5. Après que ces deux baisers vous auront donné une double preuve de la bonté divine, peut-être serez-vous plus hardi à entreprendre quelque chose de plus saint. Car, à mesure que vous croîtrez en grâce, votre confiance augmentera, vous aimerez d'un amour plus fervent, et vous frapperez à la porte avec plus d'assurance, pour obtenir ce dont vous sentirez le besoin ; or on ouvre à celui qui frappe. Et dans cette disposition, je crois qu'on ne vous refusera pas ce baiser, le plus excellent et le plus saint de tous, et qui enferme en soi des consolations et des douceurs ineffables. Voici donc la voie et l'ordre qu'on doit suivre. D'abord nous nous jetons aux pieds du Seigneur, et nous pleurons devant celui qui nous a faits, les fautes que nous avons commises. Ensuite nous cherchons cette main favorable qui nous relève et fortifie nos genoux défaillants. Enfin, après avoir obtenu ces deux premières grâces avec beaucoup de prières et de larmes, nous nous hasardons à nous élever jusqu'à cette bouche pleine de gloire et de majesté, je ne le dis qu'avec frayeur et tremblement, non-seulement pour la regarder, mais même pour la baiser, parce que le Christ notre Seigneur est l'esprit qui précède notre face. Et par ce saint baiser nous nous unissons étroitement à lui, et nous devenons, par un effet de sa bonté infinie, un même esprit avec lui.

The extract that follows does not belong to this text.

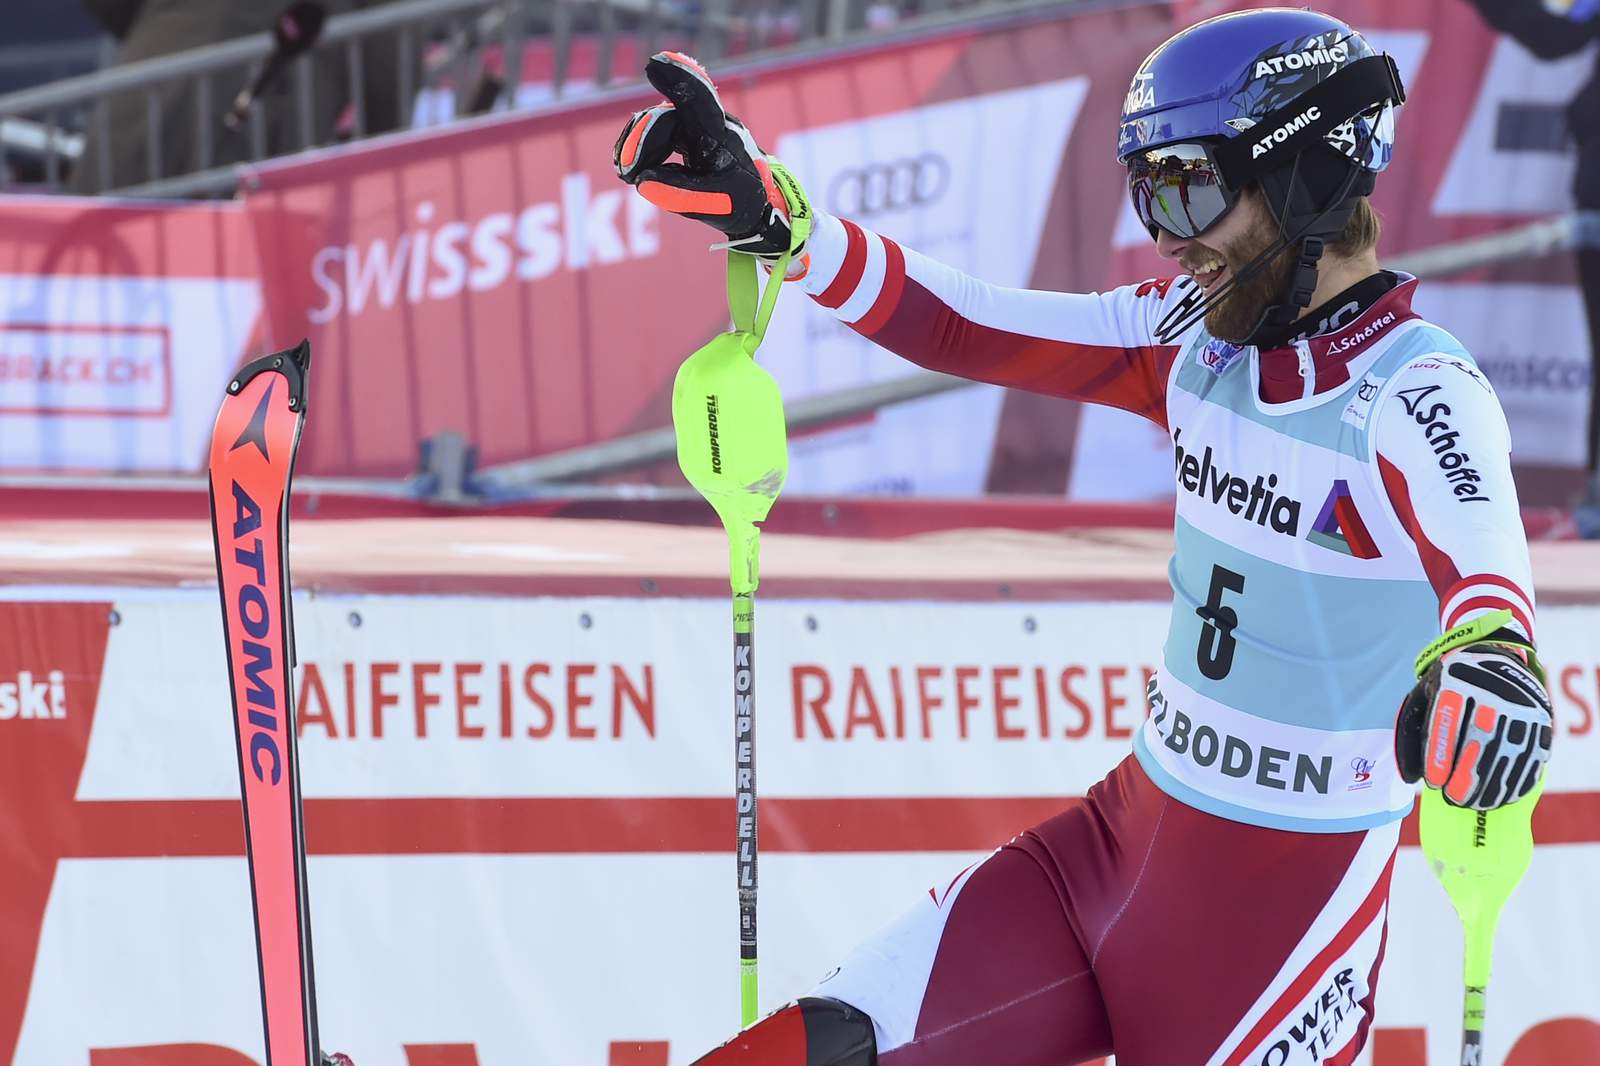 Austria's Schwarz wins World Cup slalom to lead standings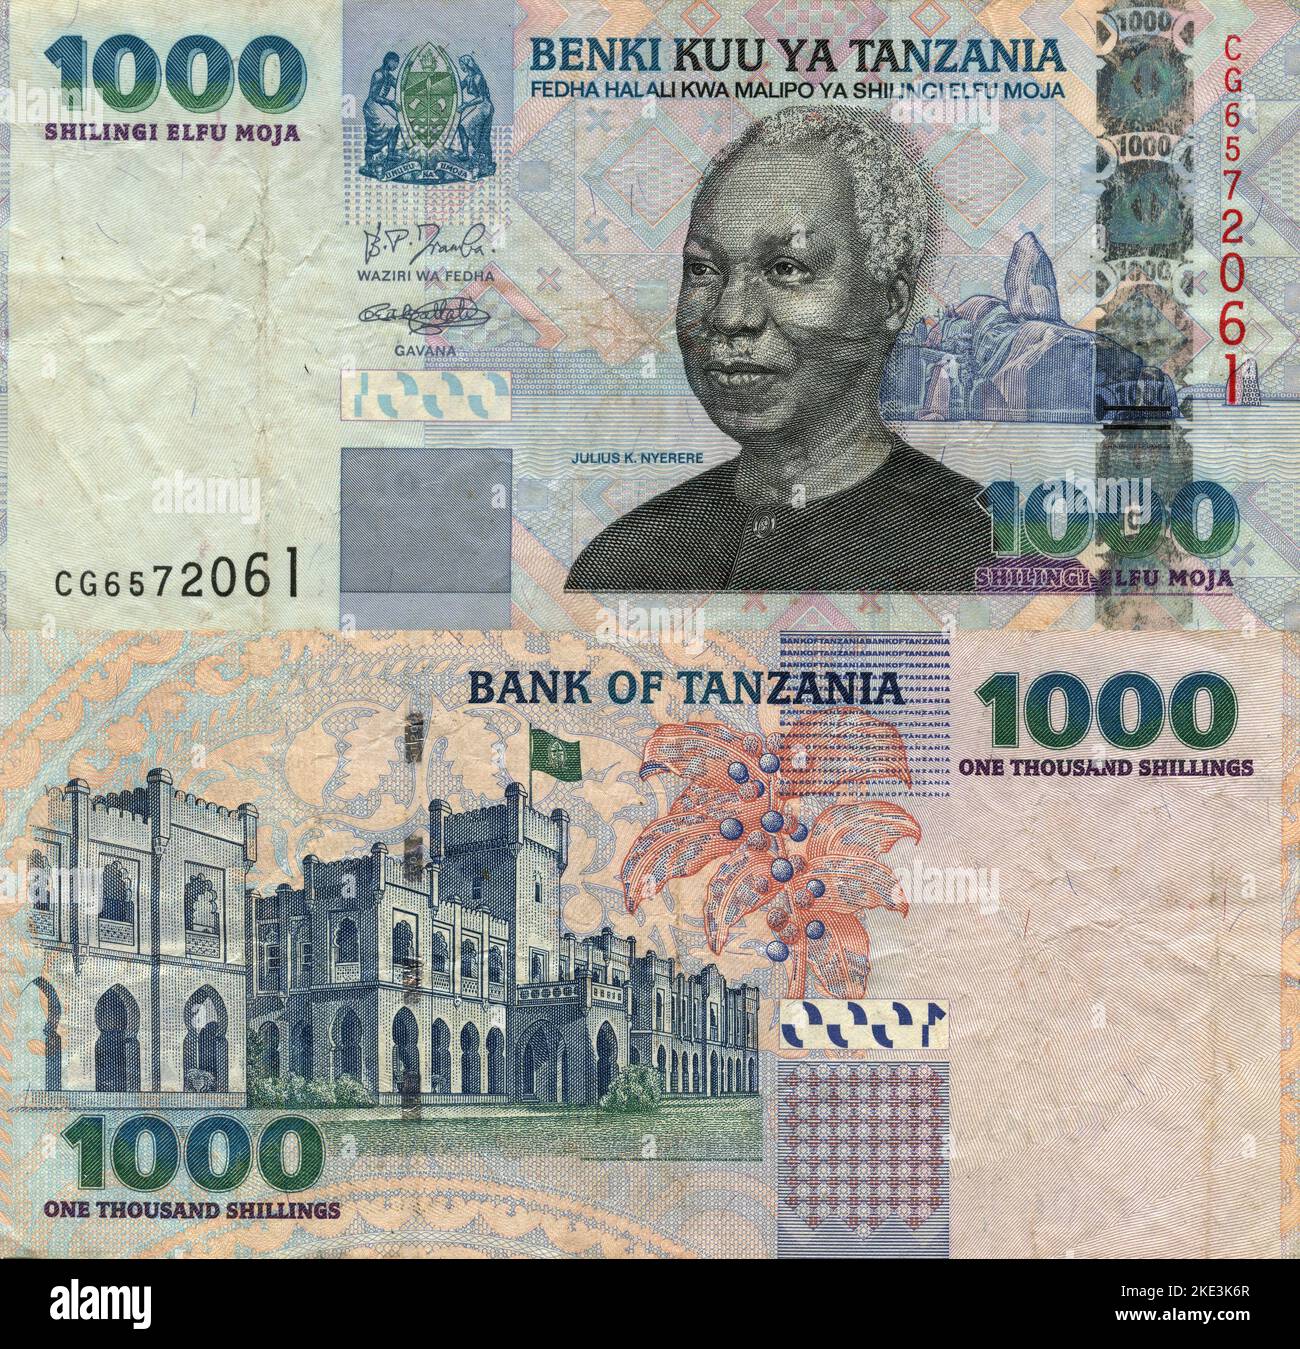 Central Bank of Tanzania 1000 Shilling Banknote, Dodoma 2003 Stock Photo

6. C'est avec, raison Seigneur Jésus, oui, c'est avec raison que tous les mouvements de mon cœur tendent vers vous. Ma face vous a cherché; je chercherai, Seigneur, votre visage adorable. Car vous m'avez fait sentir votre miséricorde dès le matin, lorsqu'étant couché dans la poussière, et baisant les traces sacrées de vos pas, vous m'avez pardonné les désordres de ma vie passée. Puis, quand le jour à grandi, vous avez réjoui l'âme de votre serviteur, lorsque, par le baiser de votre main, vous lui avez aussi accordé la grâce de bien vivre. Et maintenant, que reste-t-il, Seigneur, sinon que, daignant m'admettre aussi au baiser de votre bouche divine, dans la plénitude de la lumière, et dans la ferveur de l'esprit, vous me combliez de joie par la jouissance de votre visage? Apprenez-moi, ô Seigneur très-doux et très-aimable, apprenez-moi où vous paissez, où vous vous reposez en plein midi. Mes frères, il fait bon ici pour nous, mais voici que la malice du jour nous en retire. Car ceux dont on vient de m'annoncer l'arrivée m'obligent d'interrompre plutôt que de finir un discours si agréable. Je vais donc aller moi-même au-devant de nos hôtes, afin de ne manquer à aucun devoir de la charité dont nous parlons, de peur qu'il ne nous arrive d'entendre de nous ces paroles; « Ils disent, et ne font, point (Matth. XXIII, 3). » Cependant, mes frères, priez Dieu qu'il ait agréable le sacrifice volontaire que ma bouche lui offre, afin qu'il serve pour votre édification, et que son saint nom en soit loué et glorifié.